On Monday, it was announced that David Card won the prize for “empirical contributions to labor economics,” while Joshua D. Angrist and Guido W. Imbens won for “methodological contributions to the analysis of causal relationships.”
Card’s work in the 1990s used natural experiments to contribute to big debates — still ongoing today — about the minimum wage and education policy. In a 1993 paper, Card and Alan Krueger examined the effect of raising the minimum wage on employment. New Jersey had raised its minimum wage but neighboring Pennsylvania did not, which created a natural experiment. Card and Krueger then compared fast-food joints in eastern Pennsylvania (“control” group) with those in New Jersey (“experimental” group).
Subverting common wisdom, they found no evidence that employment fell in New Jersey following the increase in the minimum wage. Other potential unintended consequences — such as fewer new restaurants, cuts to benefits, or a shift from full-time to part-time work — did not occur.

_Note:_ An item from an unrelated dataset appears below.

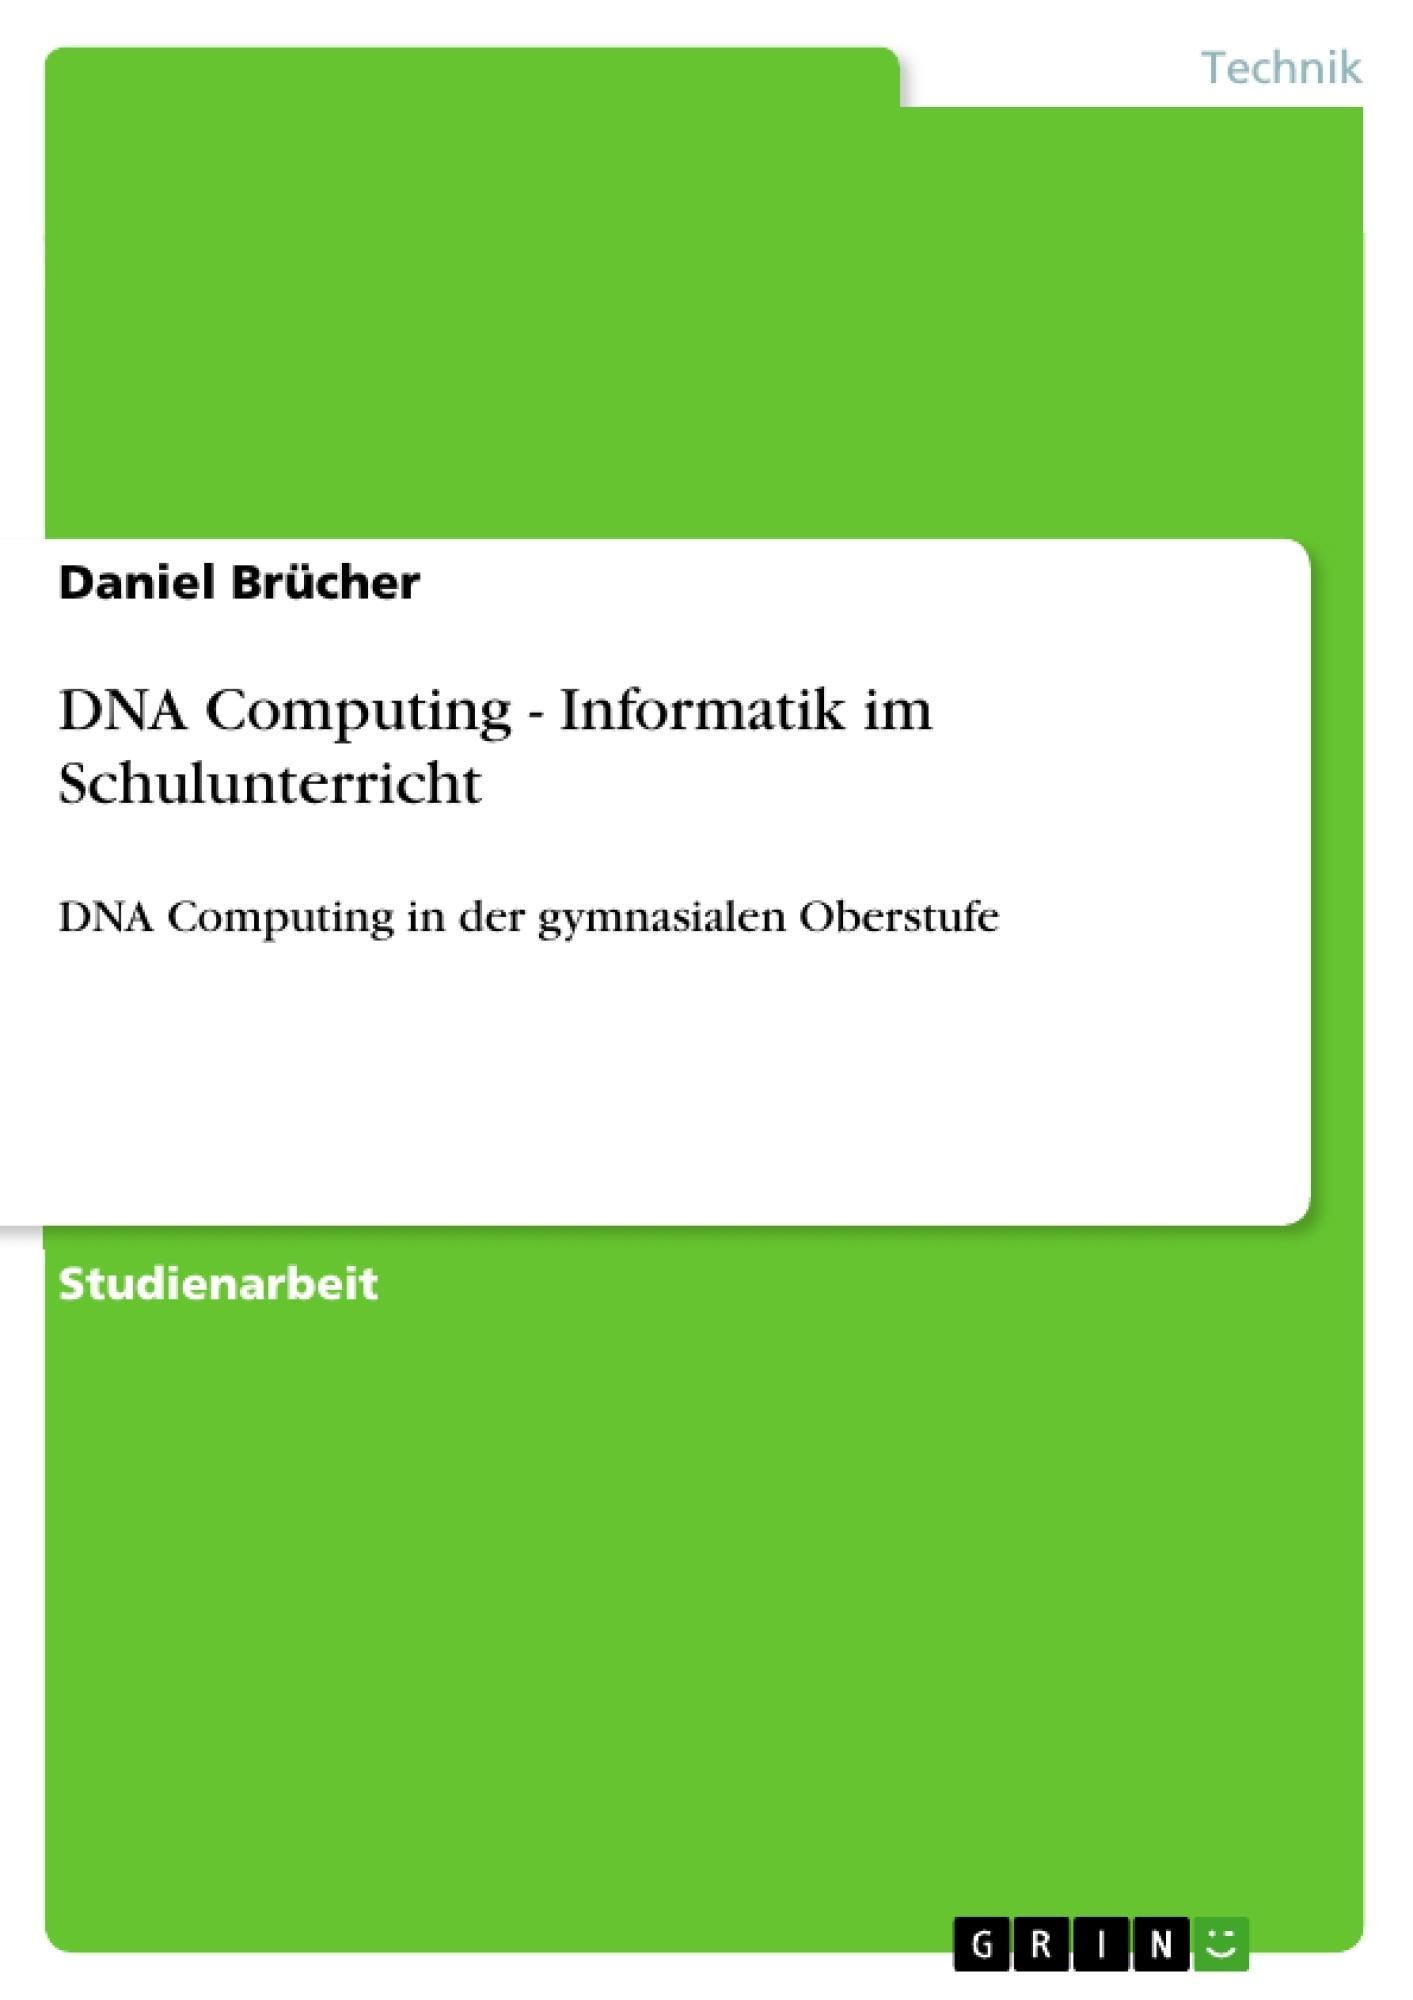 Titel: DNA Computing - Informatik im Schulunterricht

In a 1996 paper, Card and Krueger looked at the natural experiment created by differing education policies in the Carolinas back in the Jim Crow era. South Carolina was far more aggressive than North Carolina in moving resources away from schools for Black students toward schools for White students. This allowed for a straightforward comparison between the two states.
The results clearly showed that better funded schools and smaller class sizes led to higher wages later in life. Specifically, Black students in North Carolina did better than their peers in South Carolina, while White South Carolinians did better than White North Carolinians. Of similar importance, the study found that the differences in wages between these groups slowly eroded over time as the education gap began to narrow after the Jim Crow era ended.
While Card and Krueger’s studies were robust, their findings were not entirely accepted due to the friction that existed between economic theory and reality. As time went on, however, the simple methodologies Card and Krueger used were emulated in subsequent economic research. That is where the work of Angrist and Imbens comes in.
A new way to determine causation
To use the example of the Nobel Committee, imagine that one company decides to give its workers bicycles for Christmas while another does not. This is a natural experiment with a test group and a control group, and it has lots of things that can be measured, like how many people from each company end up riding a bike to work.
However, as a natural experiment, it can be difficult to determine how an individual person is affected by having received a bicycle. After all, they might choose not to use it, or perhaps they already were an avid biker. These variables complicate causal effects, such as the impact of bicycles on employees’ health.
This is where a tool proposed by Angrist and Imbens in a 1994 study, the local average treatment effect (LATE), becomes useful. It is possible to put the people from both companies into one of four groups:
- Compilers (who will use the bicycle if they are given one);
- Always Takers (who always will use a bicycle even if they weren’t given one);
- Never Takers (who never will use a bicycle even if given one); and
- Defiers (who will use their own bicycle if not given one but will refuse to use a bicycle if given one).
LATE lets us put the latter three groups to the side and examine only the compilers. Then, using a lot of math, the average effect of the “treatment” — in this case, being given a bicycle — can be determined for a member of that group. While it is not possible to determine the exact impact on any single person, details about the overall group can be extracted, such as the average health boost attributable to the employer-provided bicycle.
Taken together, the work of these economists has shed light on how the world actually works (rather than how it is supposed to work in theory) and how we can use empirical data to inform our economic decision-making. Importantly, this approach has been used to study a wide variety of subjects outside of economics, including the COVID pandemic.